Data excerpts
──────

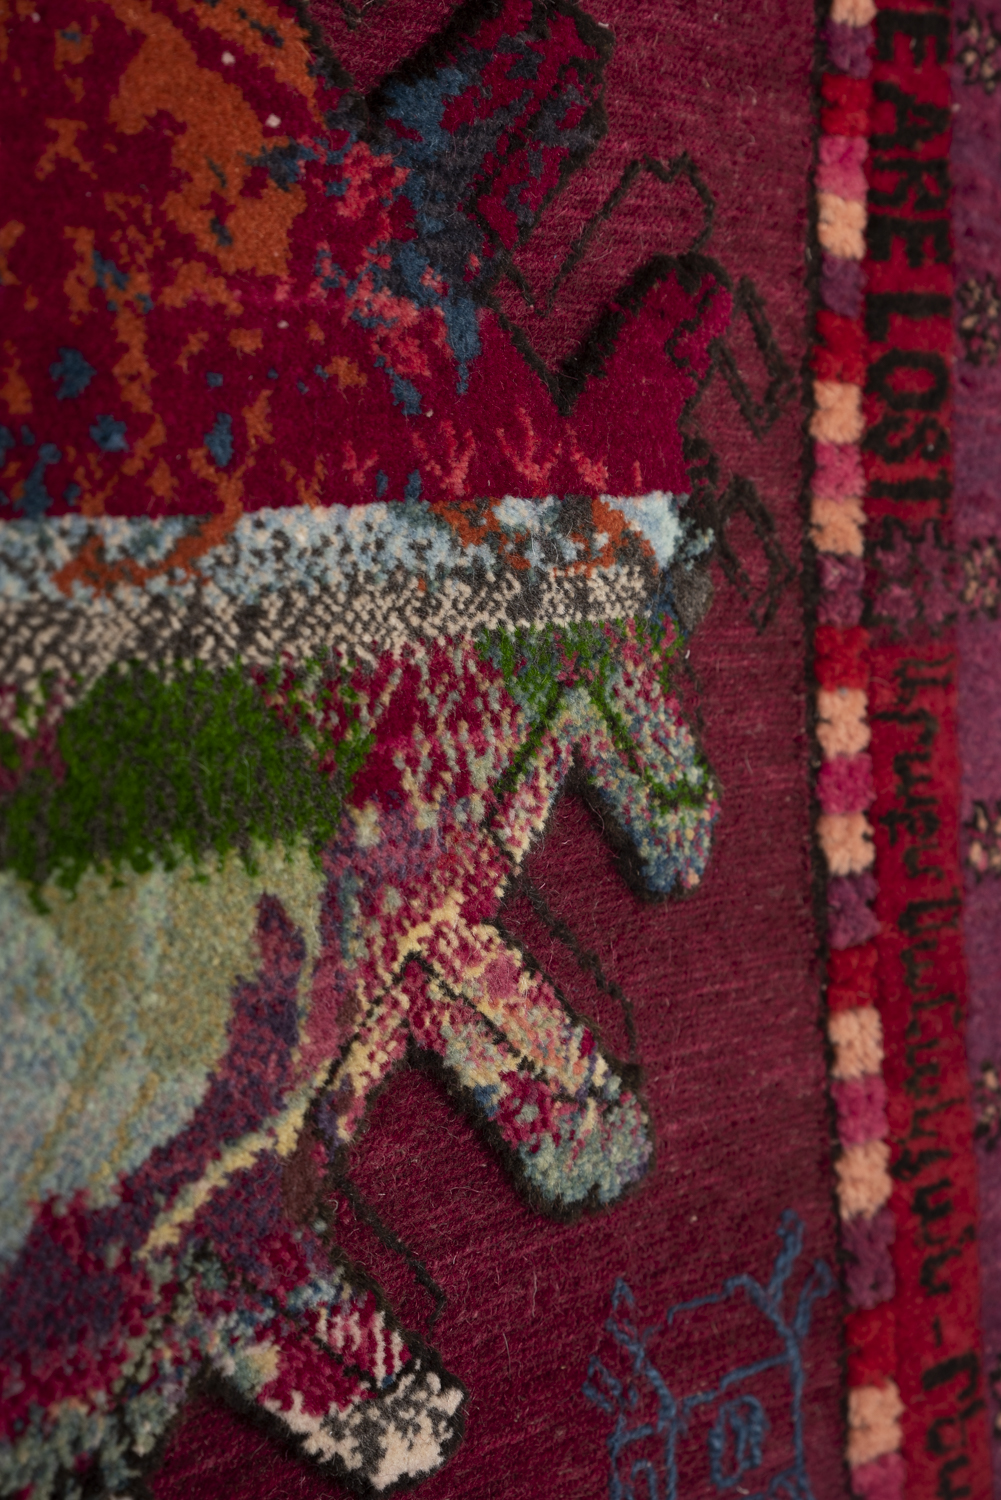 Araks Sahakyan & Rebecca Topakian, Vordan Karmir (detail), 2022, Handwoven rug, made in Tsovagyugh, Armenia, Natural wool, natural and non natural dyes, 100 x 170 cm 
With the support of Bourse Transverse - ADAGP, FreeLens and Sometimes Éditions.
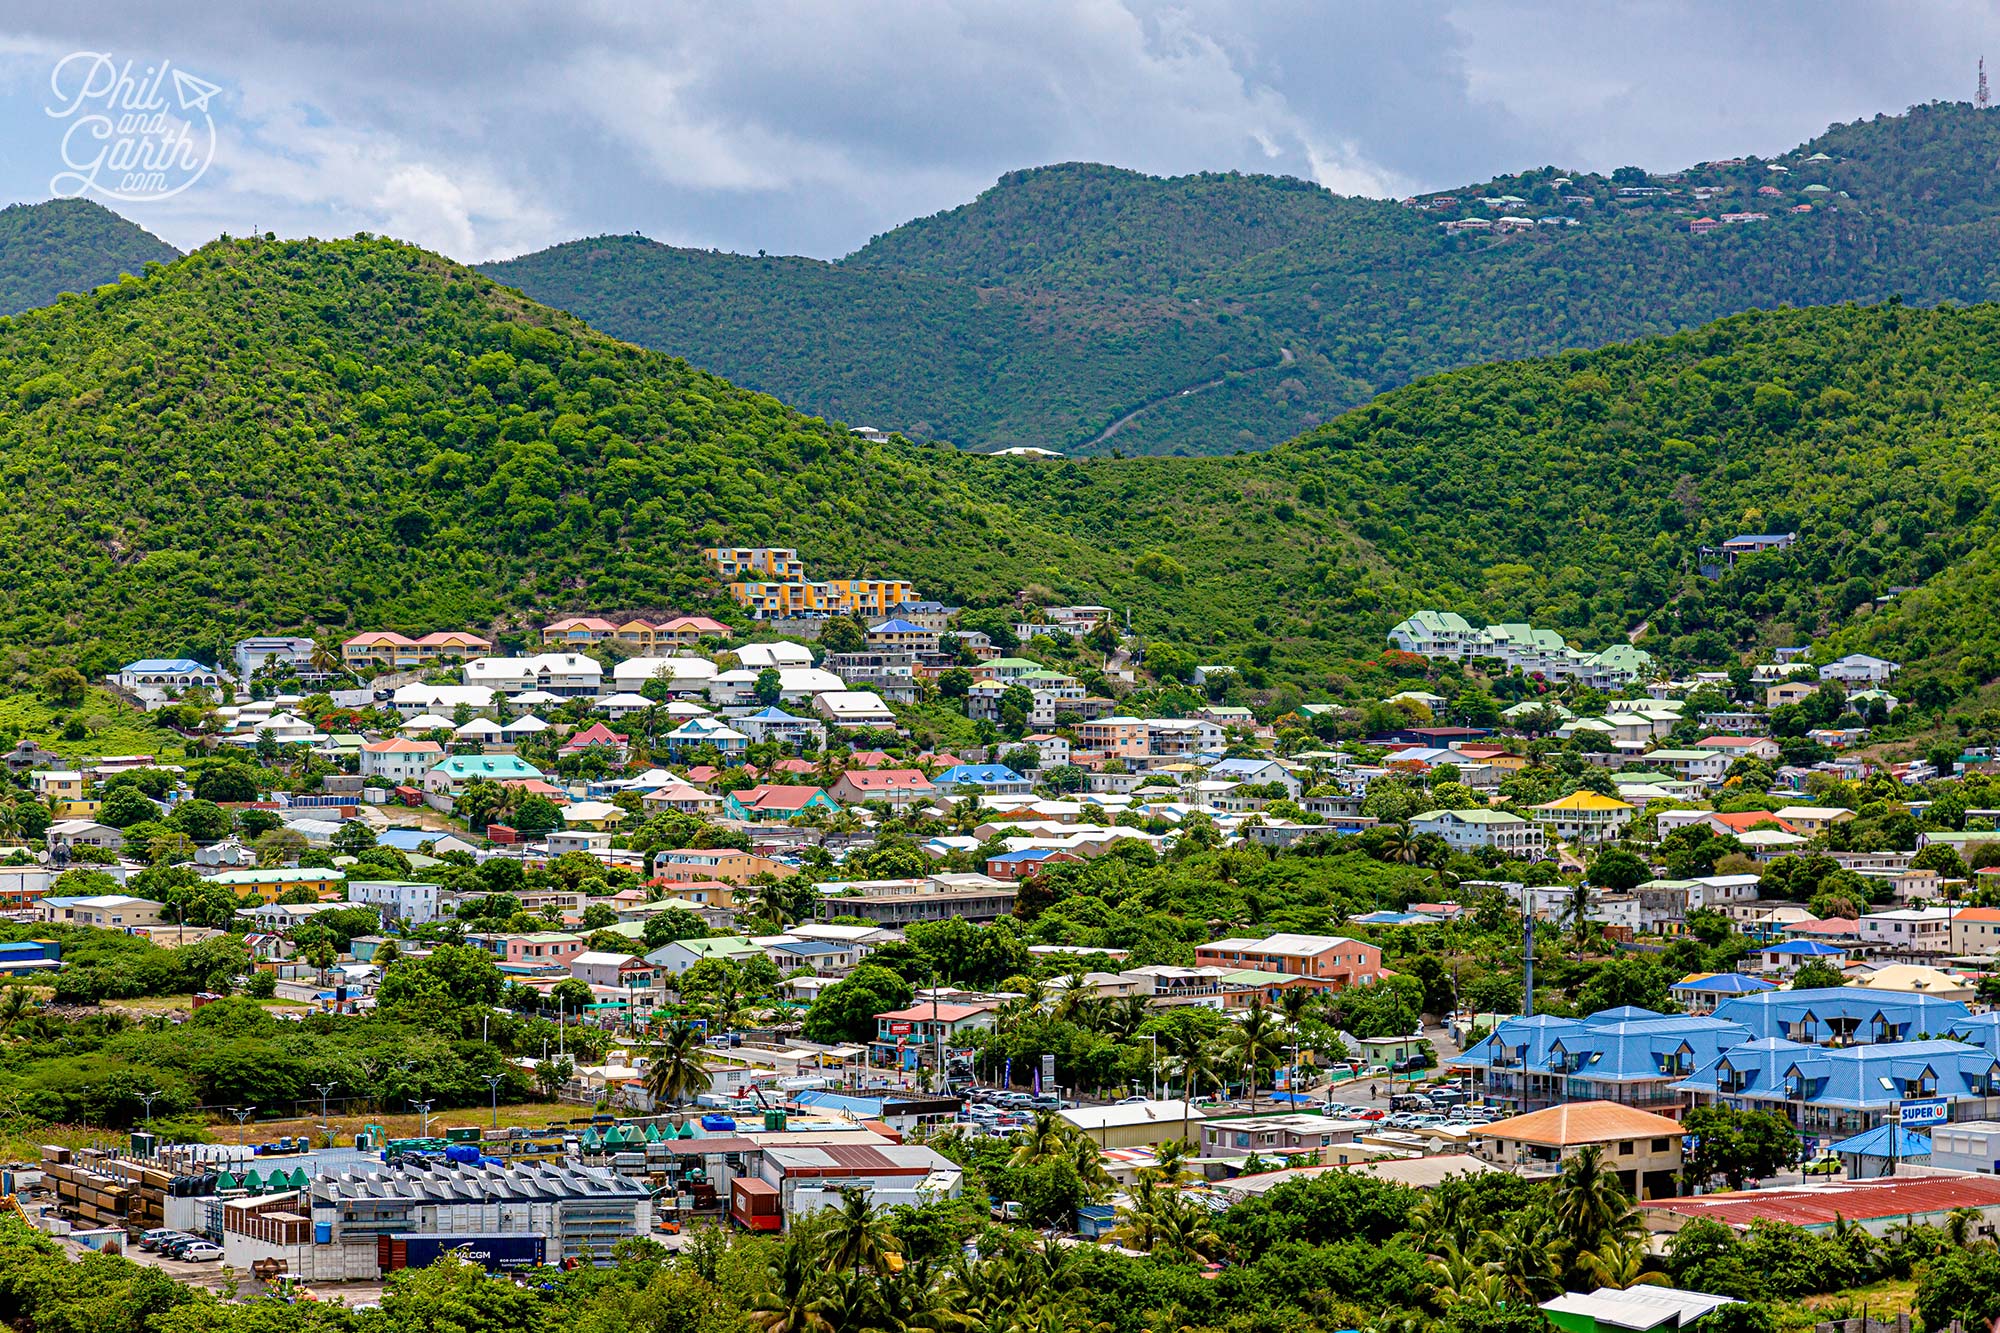 St Martin is a lush and green island
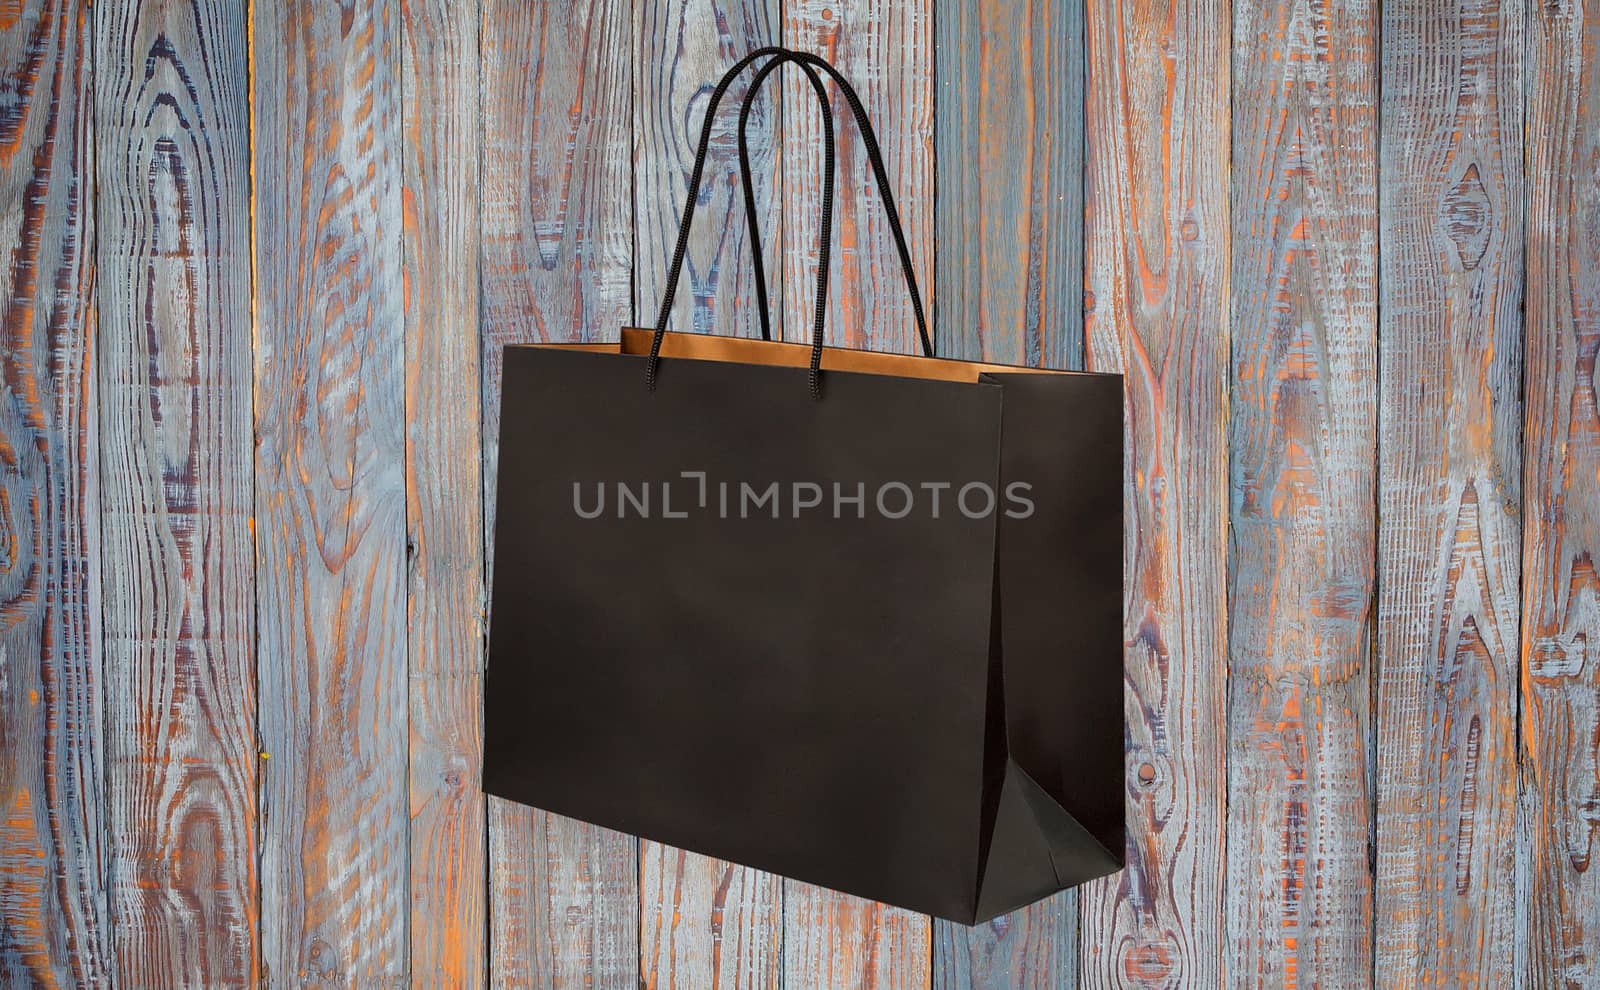 paper bag for shopping on a wooden background by boys1983@mail.ru
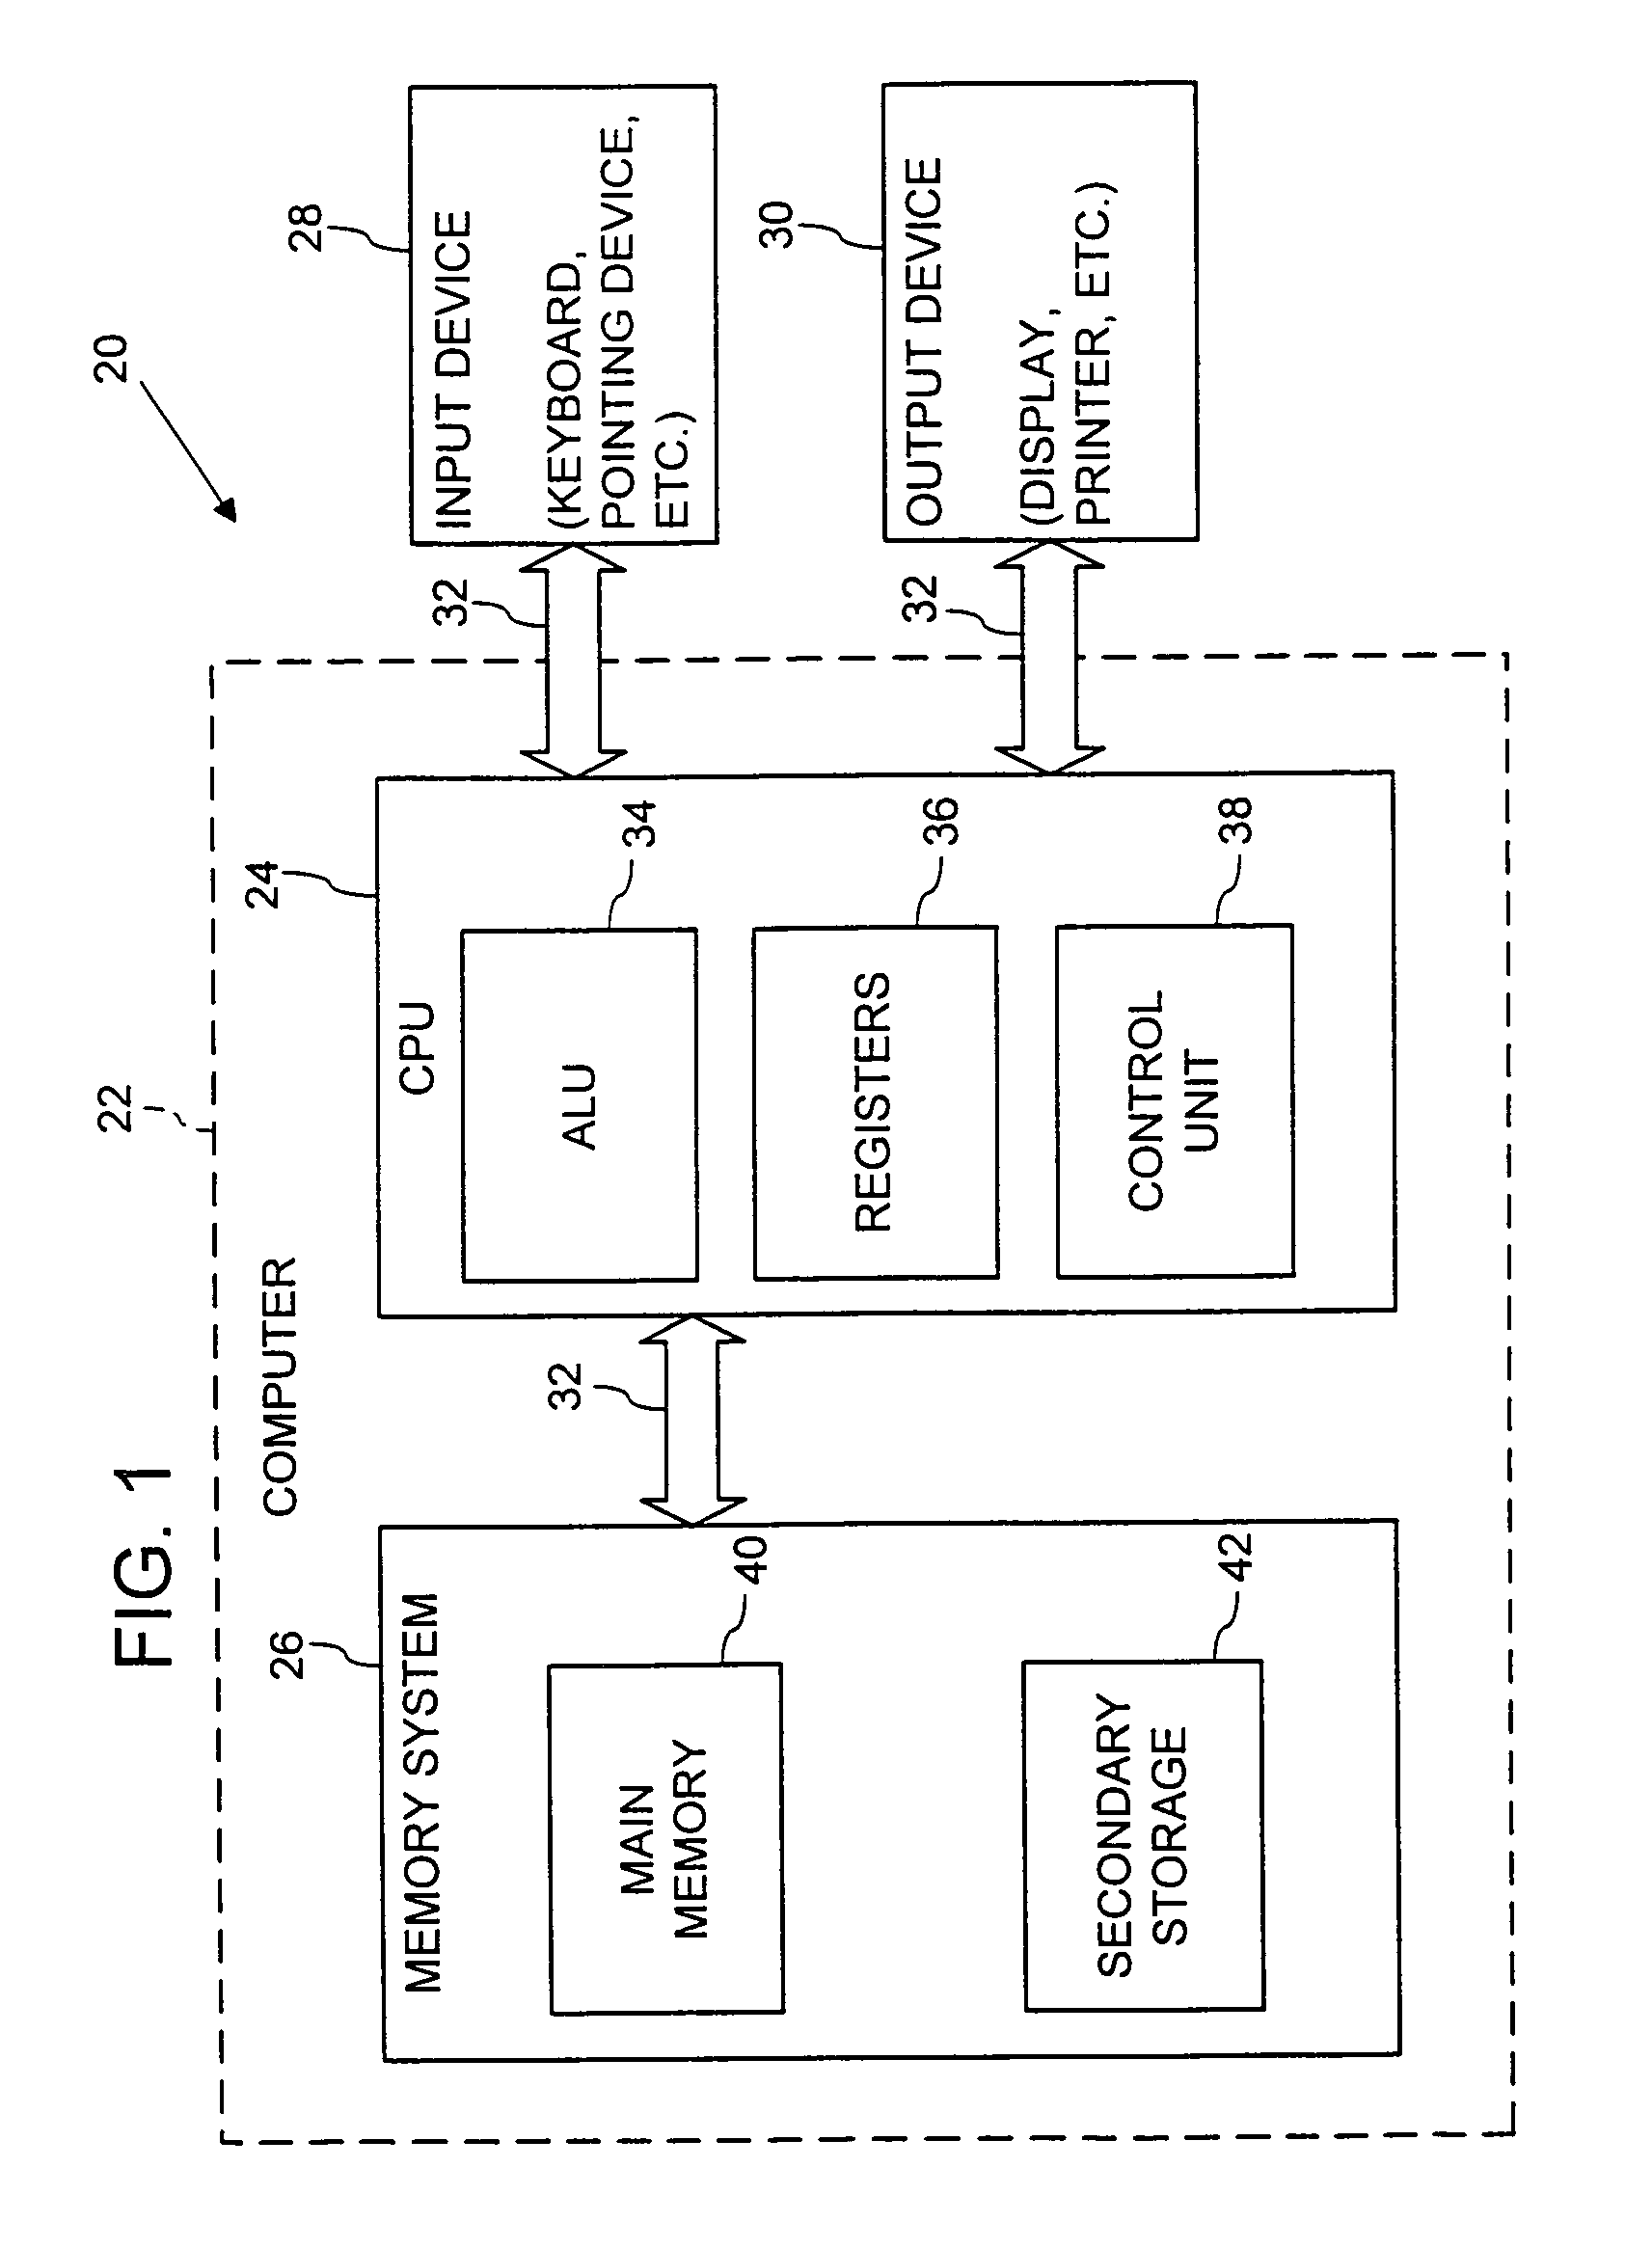 Presentation system with distributed object oriented multi-user domain and separate view and model objects

──────

Quote the preceding records in their entirety, excluding every picture.

 Araks Sahakyan & Rebecca Topakian, Vordan Karmir (detail), 2022, Handwoven rug, made in Tsovagyugh, Armenia, Natural wool, natural and non natural dyes, 100 x 170 cm 
With the support of Bourse Transverse - ADAGP, FreeLens and Sometimes Éditions.
 St Martin is a lush and green island
 paper bag for shopping on a wooden background by boys1983@mail.ru
 Presentation system with distributed object oriented multi-user domain and separate view and model objects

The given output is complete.